It is undisputed that plaintiff did not work any days at CNYPC during the one-year period immediately following his June 1, 2007 injury and therefore his one-year medical leave under § 71 was unquestionably exhausted when he was terminated effective July 13, 2008. Plaintiff fails to respond to this argument in his opposition brief and thus provides no guidance as to how his termination pursuant to a Civil Service provision could conceivably be a pretext for unlawful discrimination, especially since defendants have offered evidence showing that such terminations were routine. See, e.g., Bardo Decl., Ex. F, ECF No. 39-21 (listing terminated SHTAs). Plaintiff has failed to produce "enough evidence to support a rational finding that the defendant's explanation for the adverse action is actually a pretext to disguise discrimination." Barounis, 2012 WL 6194190, at *6 (citations omitted).
Accordingly, Counts One, Two, Seven, and Eight will be dismissed.
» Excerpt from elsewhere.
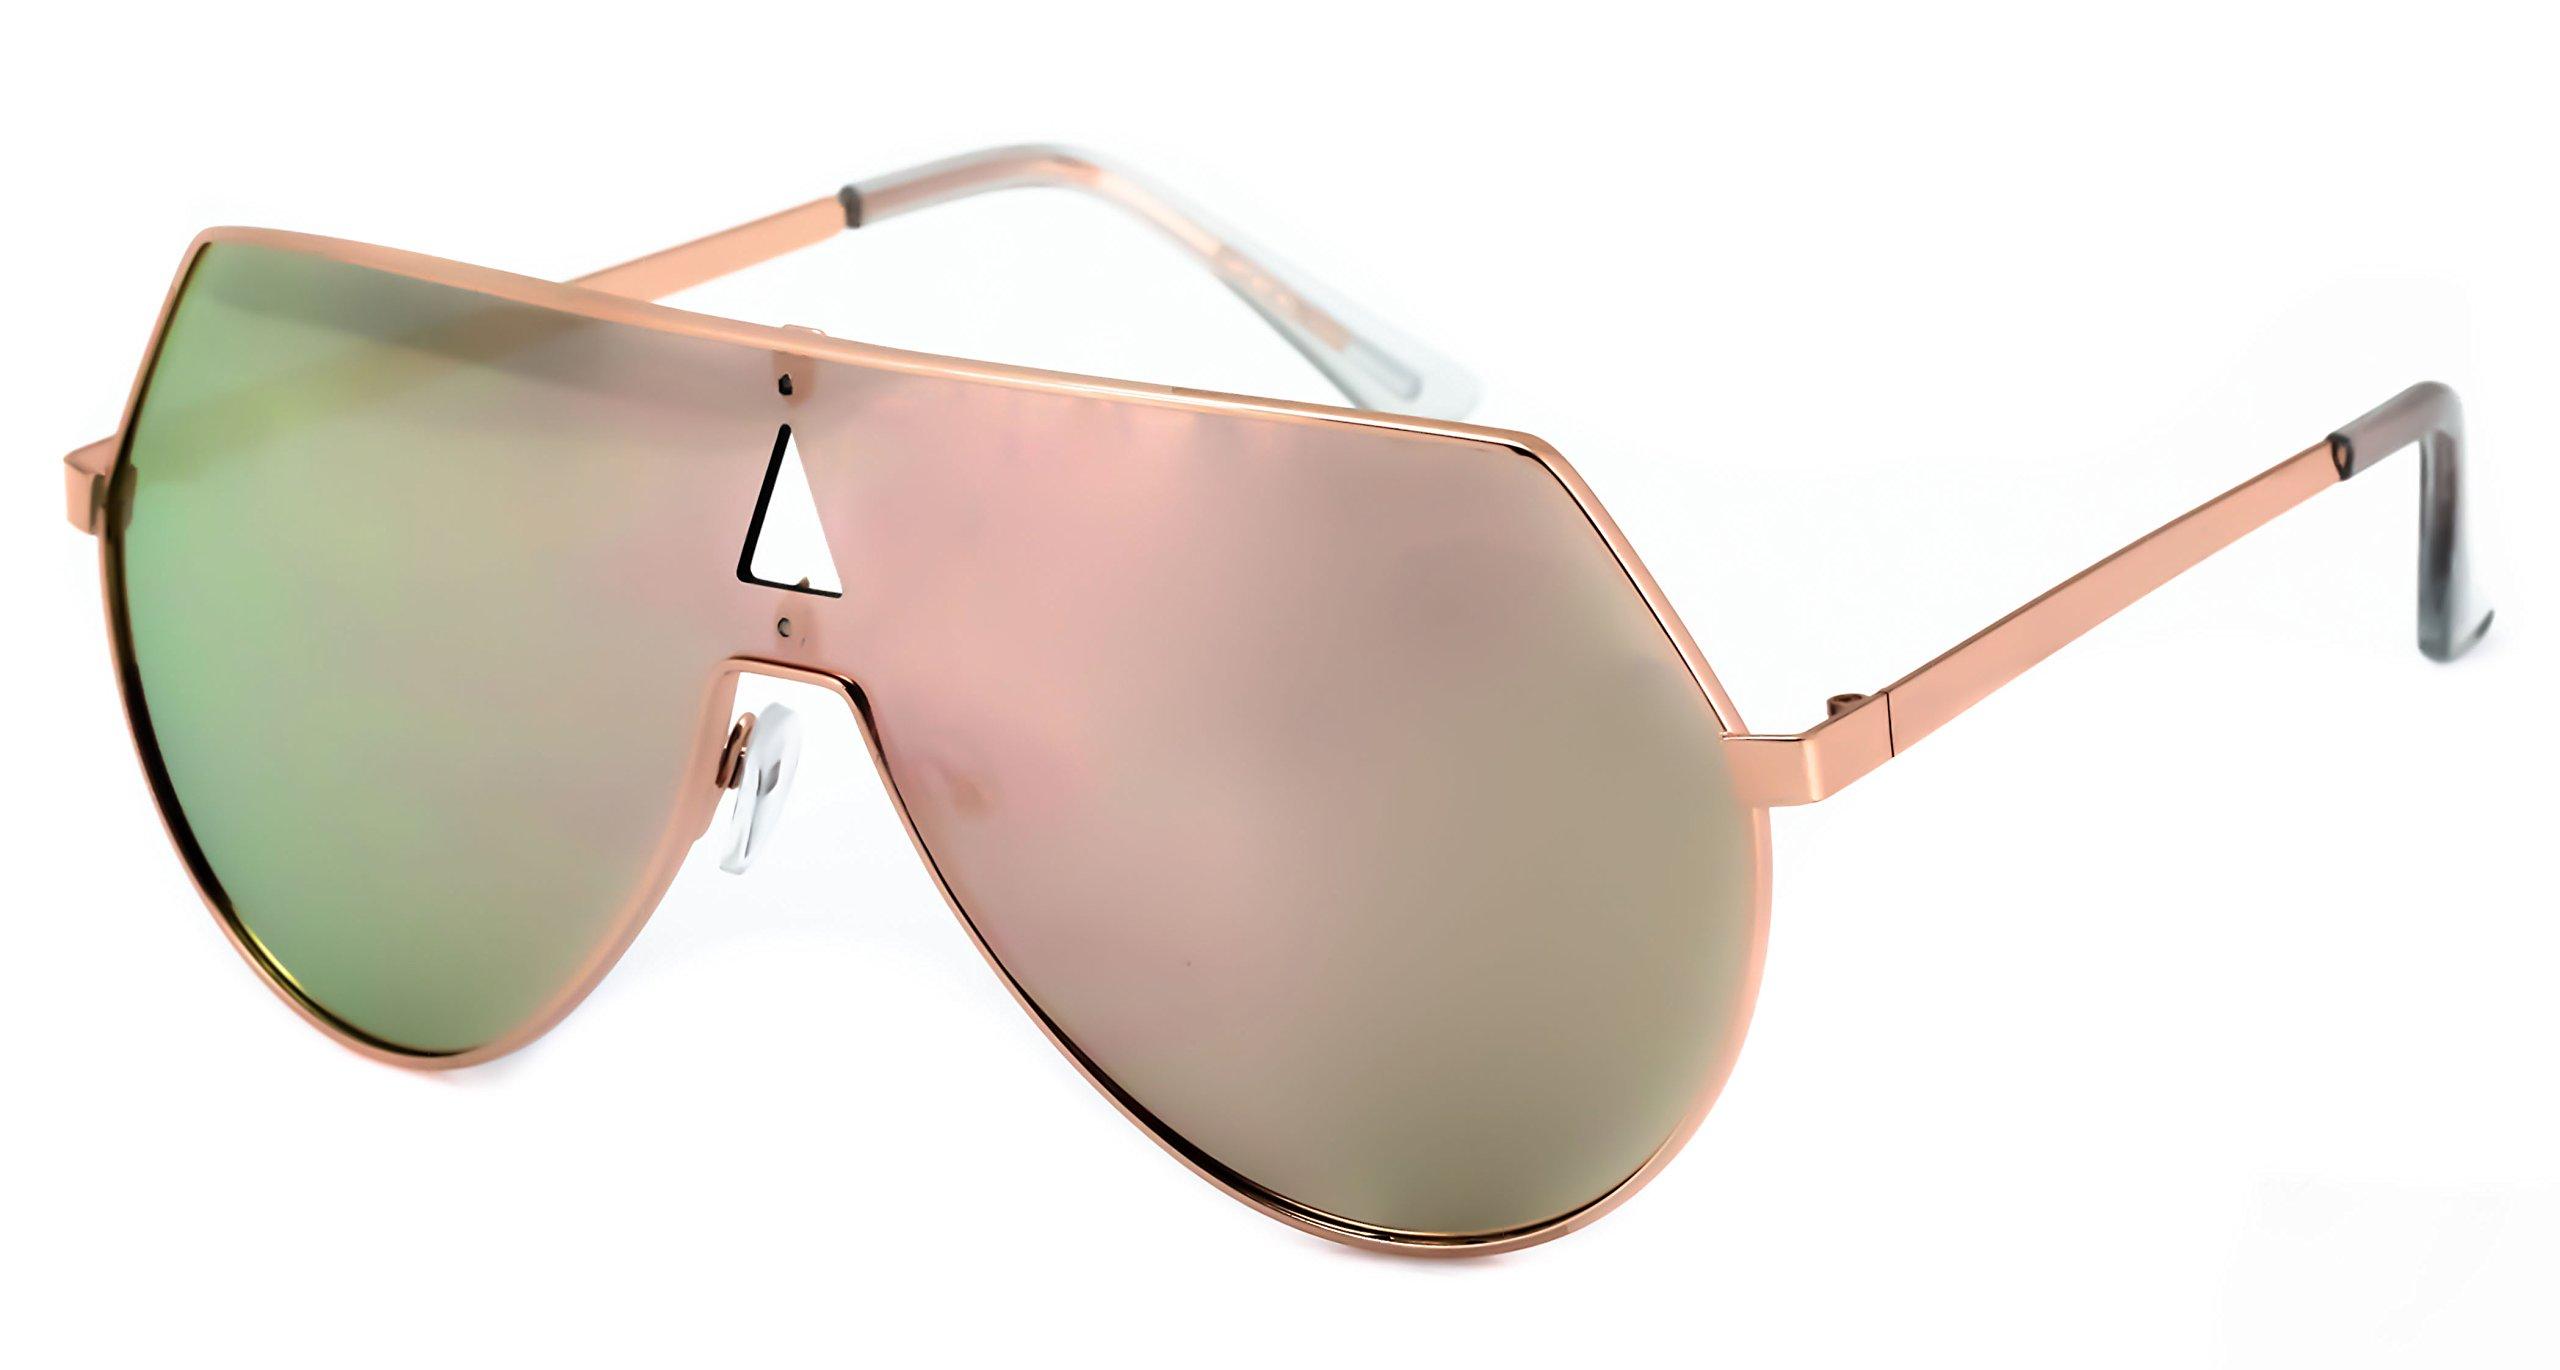 Elite Oversize Unisex Flat Top Aviator Retro Shield Mirrored Lens Rimless Sunglasses (Rose Pink Mirror, 5.8) by EliteGlasses (Image #4)

Croons' retaliation claims are brought pursuant to Title VII (Count Nine), the ADA (Count Ten), the Rehabilitation Act (Count Eleven), NYSHRL (Count Twelve), and 42 U.S.C. §§ 1981 and 1983 (Counts Thirteen and Fourteen). Plaintiff contends that CNYPC's failure to reinstate him despite his medical clearance was retaliation for filing his DHR complaint and pursuing this federal litigation. Pl.'s Mem. Opp'n 9. Defendants contend that CNYPC was not aware of the Clearance Letter until this litigation commenced, but that the state-wide hiring freeze would have precluded CNYPC from immediately reinstating plaintiff. Plaintiff argues that this assertion is a falsehood because CNYPC was made aware of the Clearance Letter, at the very latest, during the two-party conference with DHR on December 1, 2009.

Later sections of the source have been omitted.